Last week we went camping for 3 nights. I decided to challenge myself to cooking a Mexican meal over a campfire. Now, I don't mean to say that I was going to drag my whole kitchen along with me and whip up some semi-complicated meal. All I actually did was rummage through the refrigerator and freezer, gather up most of our leftovers and easy things to pull together, and pack them in a cooler.

We have a rule about cooking when we camp: meals have to be cooked in one skillet, in a foil pouch, or a combination of the two. We can pull things like raw vegetables, salads, fruit, etc, out of the cooler to accompany a meal, but we do not spend time with knives, cutting boards, and other kitchen tools "creating" meals at the campground.
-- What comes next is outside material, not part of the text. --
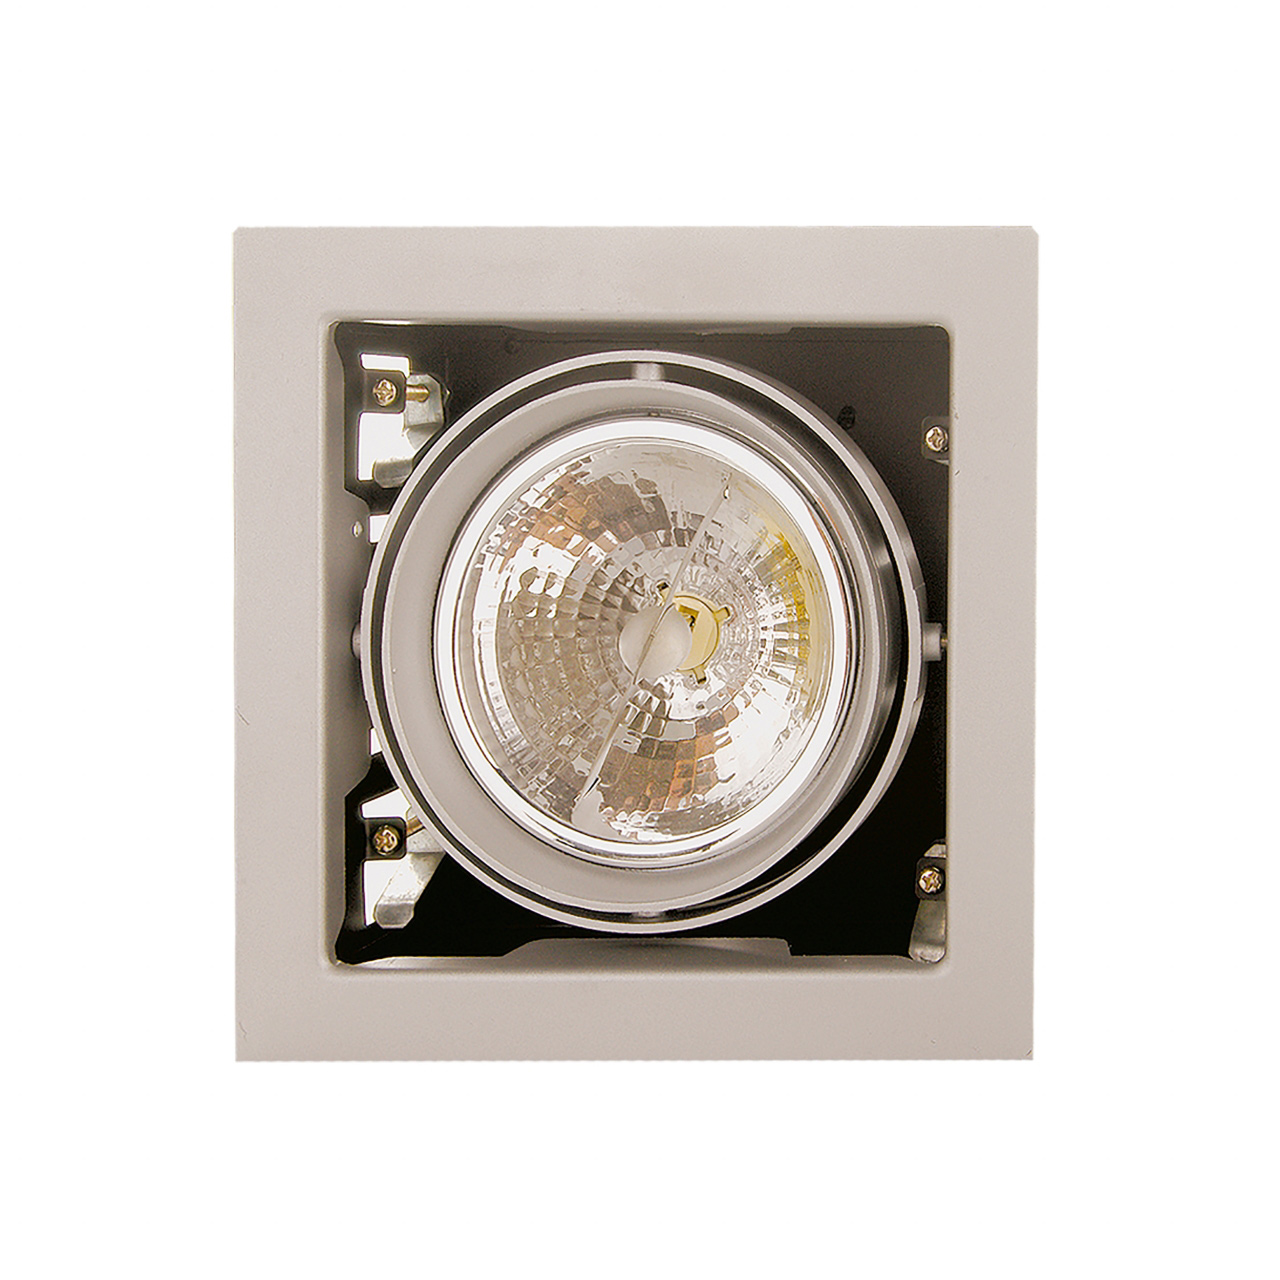 Светильник Cardano 111Х1 титан Lightstar 214117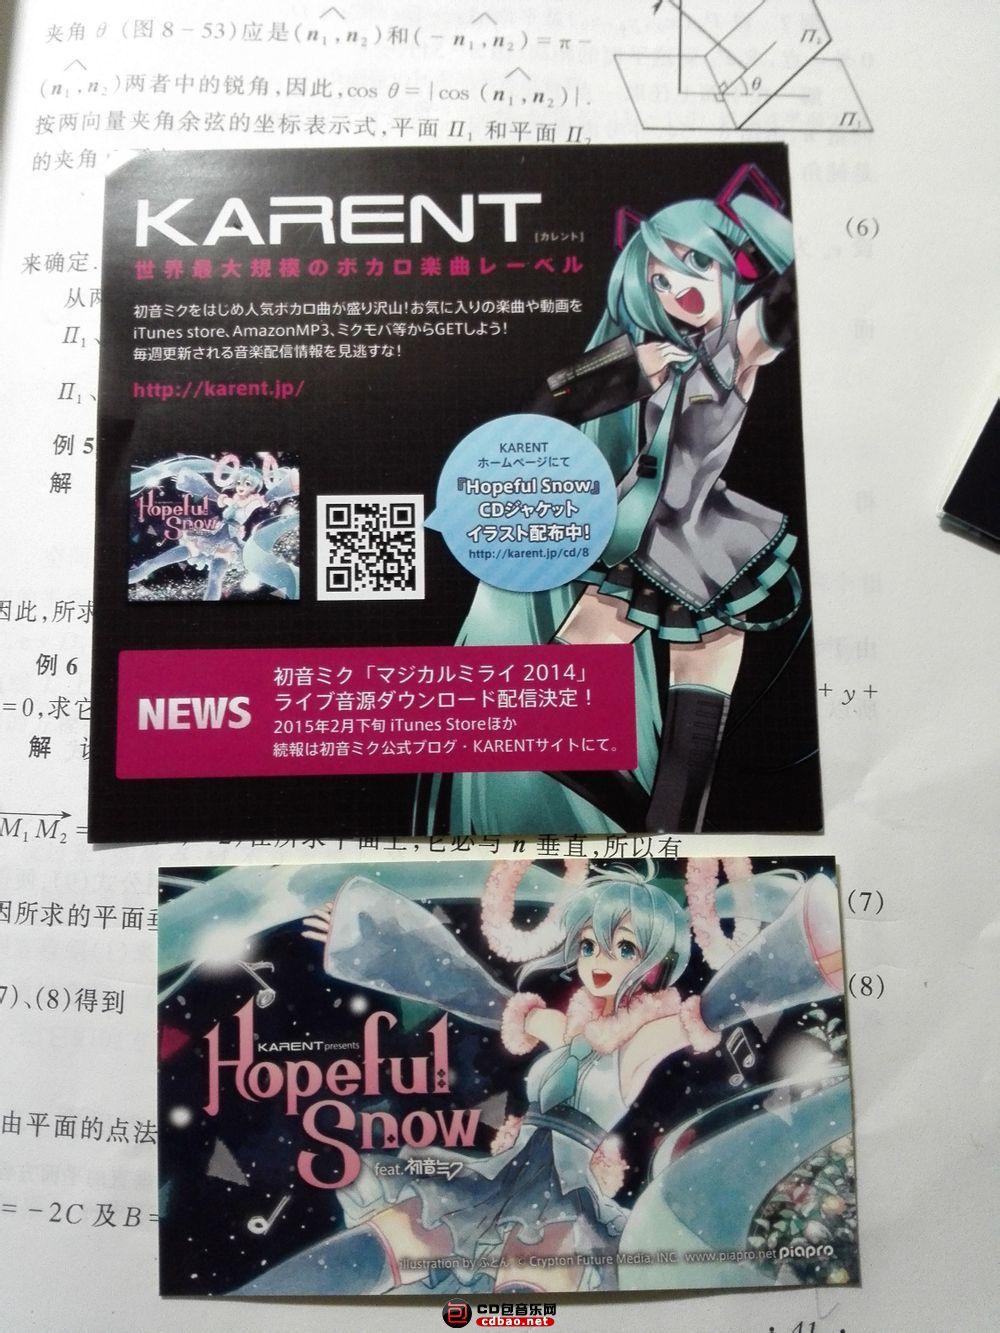 初音ミク - KARENT presents Hopeful Snow feat. 初音ミク3.jpg

Our first night there, we had brought along some Trader Joe's Bean and Cheese Taquitos. Before leaving home Javier had made some guacamole and stored it in the cooler with the other cold foods. Dinner was so simple - muy sencilla. All we had to do was heat the taquitos in a foil pouch over the campfire, and then serve them on paper plates with a side of guacamole. Yum!

Our second night we reheated some steaks that we'd cooked only to medium rare along with some frijoles pintos, chile verde de hongos (see the last post), papas, y un chile rojo - or as it's often called in Spain and Argentina - un morrón. This was a big one, so we were able to share it between the two of us. And, even though we'd brought some whole wheat tortillas along with us, we didn't need them as the dinner was filling enough without them, and we were already using our one skillet / one foil pouch limit.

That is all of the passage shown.